Floating-point/Fixed-point Ogg/Vorbis decoder for embedded platforms
Soyogi(そよぎ, "tremor" in Japanese) is a new implementation of Ogg/Vorbis decoder, focused on looser memory requirement rather than speed. Soyogi is around two times slower than other decoders such as Tremor, while it can empirically decode most of the common Vorbis files with just 48KiB of RAM.
Its salient features include:
- 50% space saving by calculating MDCT via "in-place" DCT-IV
- Totally static memory use, in a sense that neither heap area nor dynamic stack is required
- Variable-length CAR (Compressed Array Representation) for Huffman tree, which saves around 25% of codebook RAM
- Most of the stereo Ogg/Vorbis files with blocksizes 256 and 2048 could be decoded with only 24KiB of codec RAM on average
- Fixed point implementation for environments without FPU is also available as a build option
Instead of extracting 2N time-domain samples from the vector, Soyogi performs DCT-IV on the frequency-domain audio, and saves the N-sized output until "Overlap-Add" process. TDAC is executed at the same time as two vectors are overlapped, which could be regarded as additional butterfly.
All of the setup components will be allocated on a dedicated stack, which could be of any configurable capacity up to 64KiB. 36KiB would be enough to decode a stereo Ogg/Vorbis file with blocksizes N and 4096. Note that a PCM buffer to store the decoder output frame by frame is still required, and when the output is 100% buffered, 48KiB or so should be the average RAM consumption.
Soyogi basically does not check for errors during packet decode. Instead, the MCU hardware is expected to protect from illegal access with MPU (Memory Protection Unit) functionality. Single dedicated stack for codec setup makes it easier to confine the location of memory errors. Errors are accumulated and detected once at the end of packet.
Fixed-point version of Soyogi would be preferable if your CPU supports 32x32=64 multiplication.
- The maximum number of (sparse) codebook entries is 32767.
- Practical bound is at around 7000.
- The maximum number of codebooks is 255.

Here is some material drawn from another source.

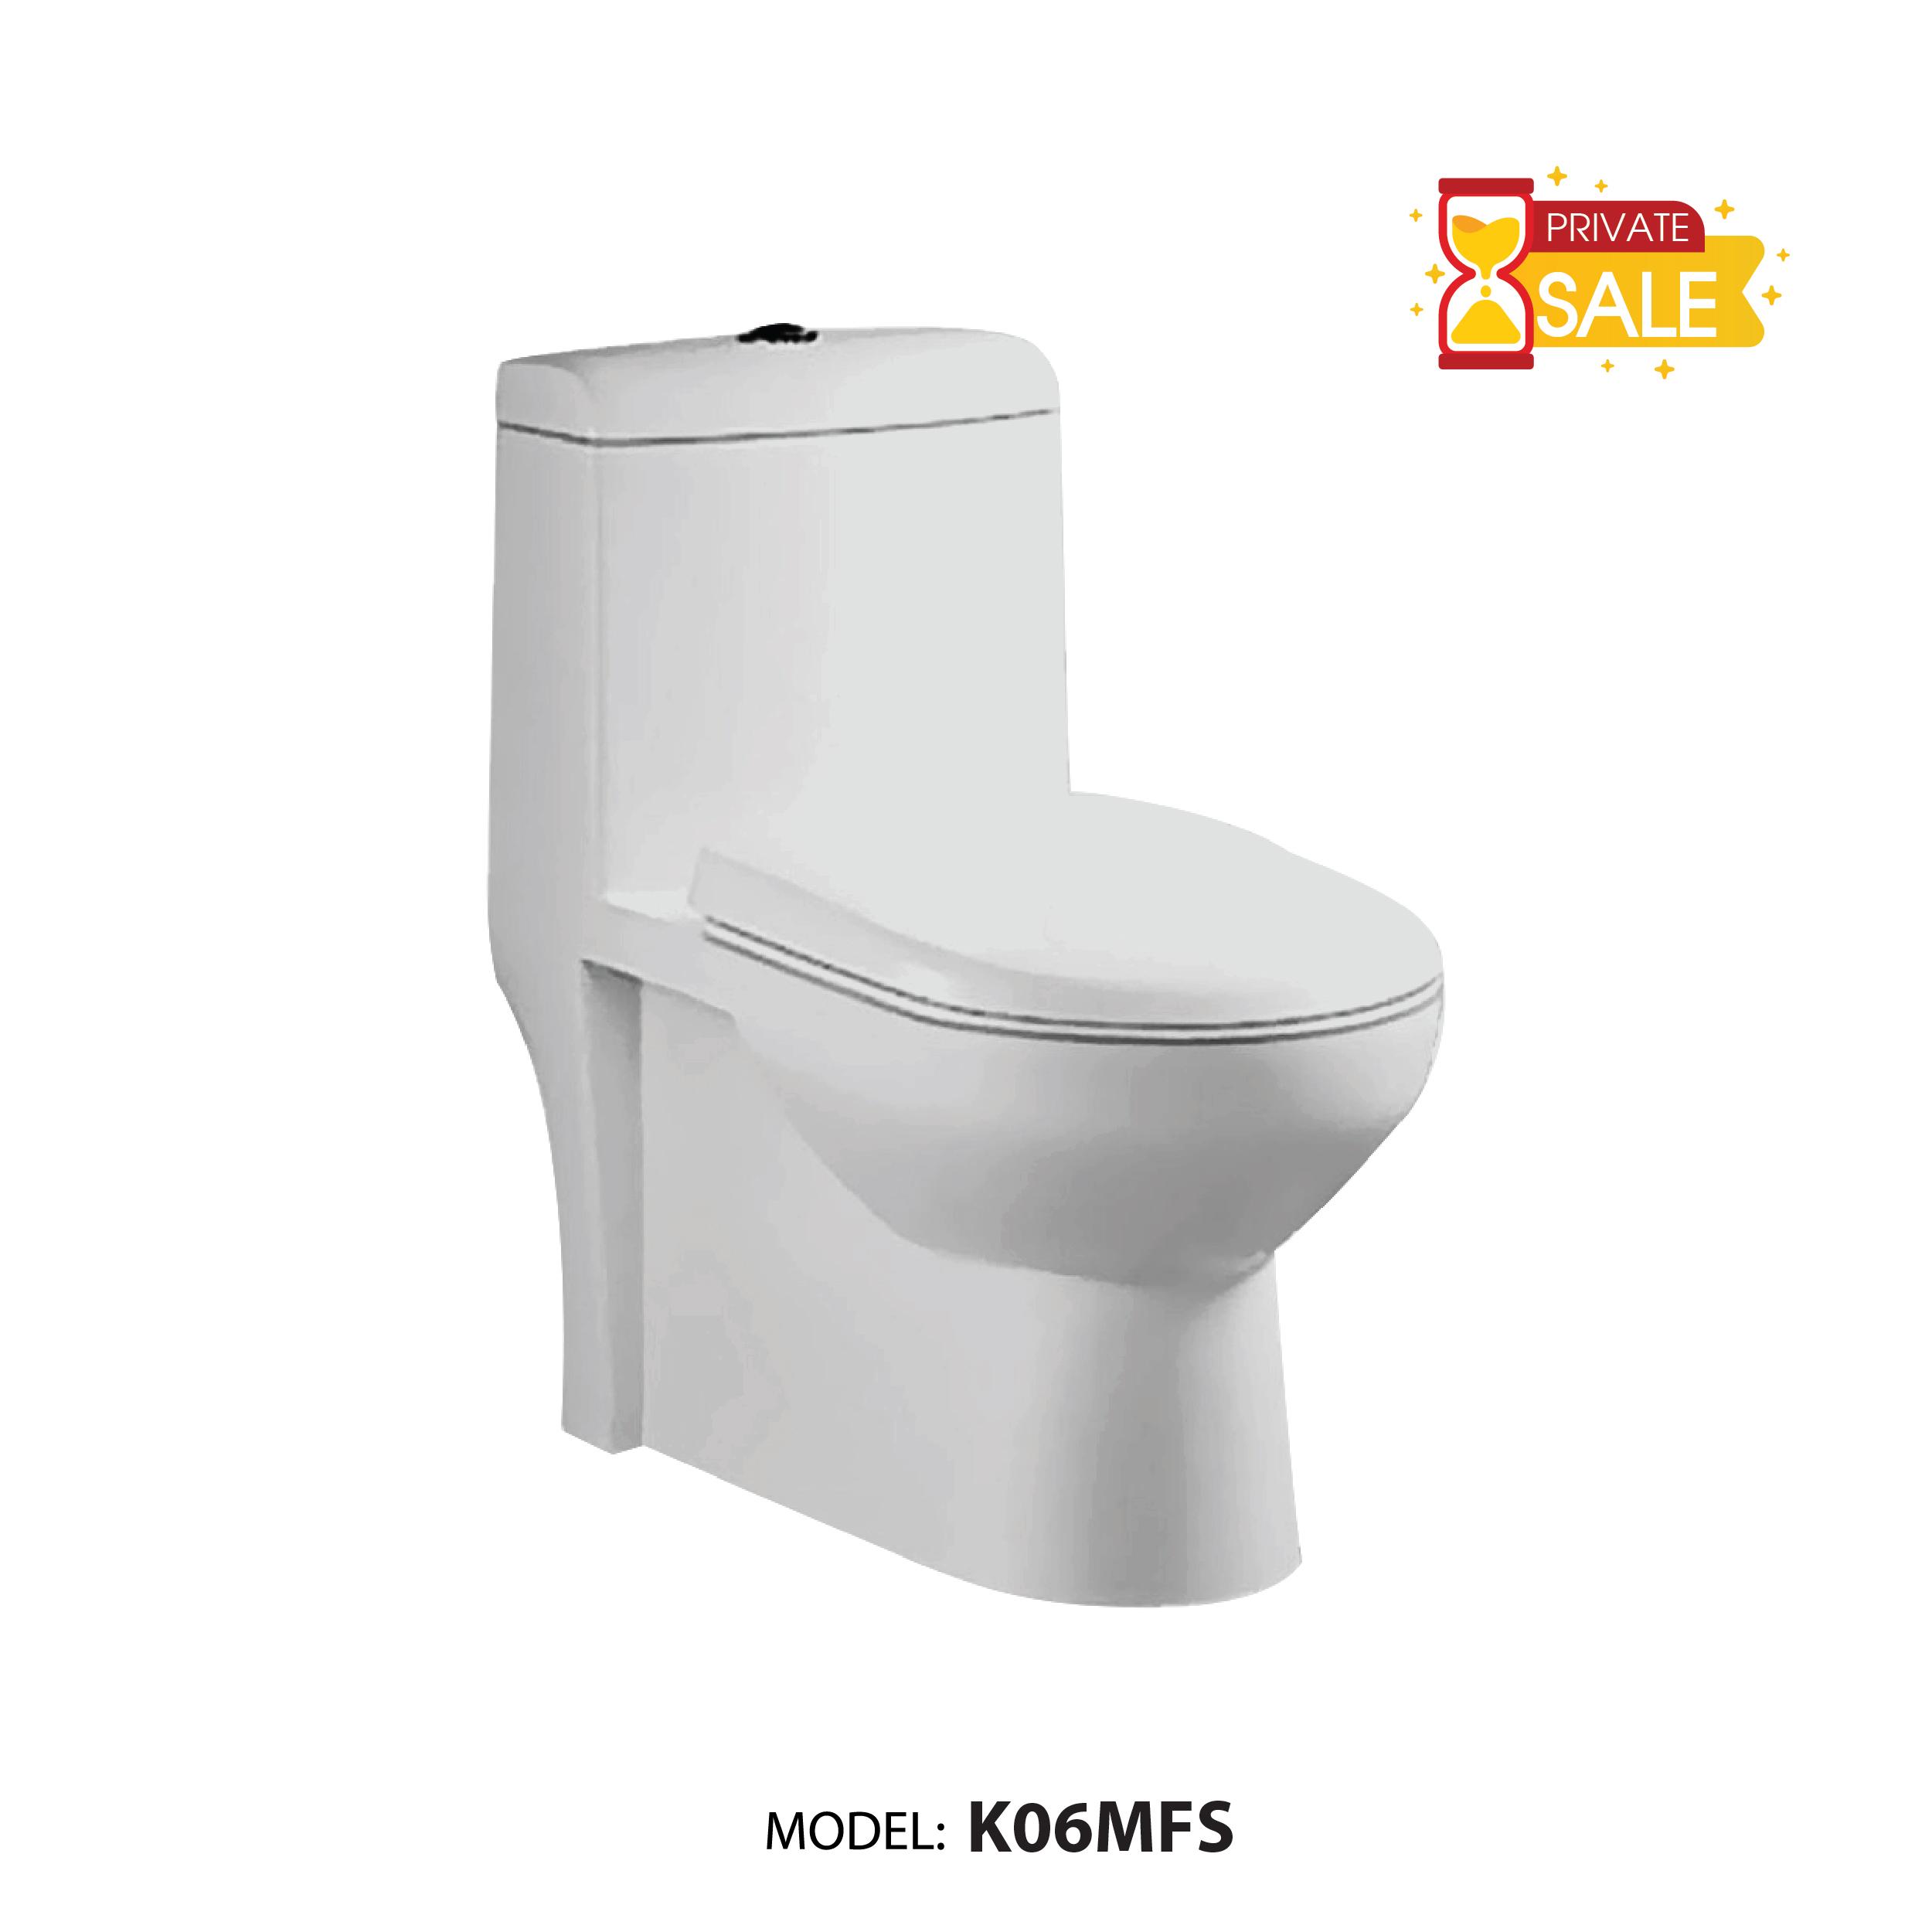 BỒN CẦU 1 KHỐI CARANO MODEL K06MFS (MODEL: K06MFS)

- Practical bound is at 50.
- The maximum size of setup stack is 65536 bytes.
- Practical bound for blocksizes N/4096 is at 49152.
- Blocksizes N/8192 is not supported.
- Floor 0 is not supported.
- Submaps are not supported.
FIR-based sampling rate converter, from 44.1kHz to 48kHz, is implemented to play both 11.025/22.05/44.1kHz and 12/24/48kHz audio with only one I2S master clock source.
As of December 2015, the decoder is apparently functional (decoder functionality is frozen), whereas there should be potential bugs when an irregular stream is given. Several Vorbis files were successfully decoded to clear PCM samples. There is currently no plan to support Floor 0 and Submaps.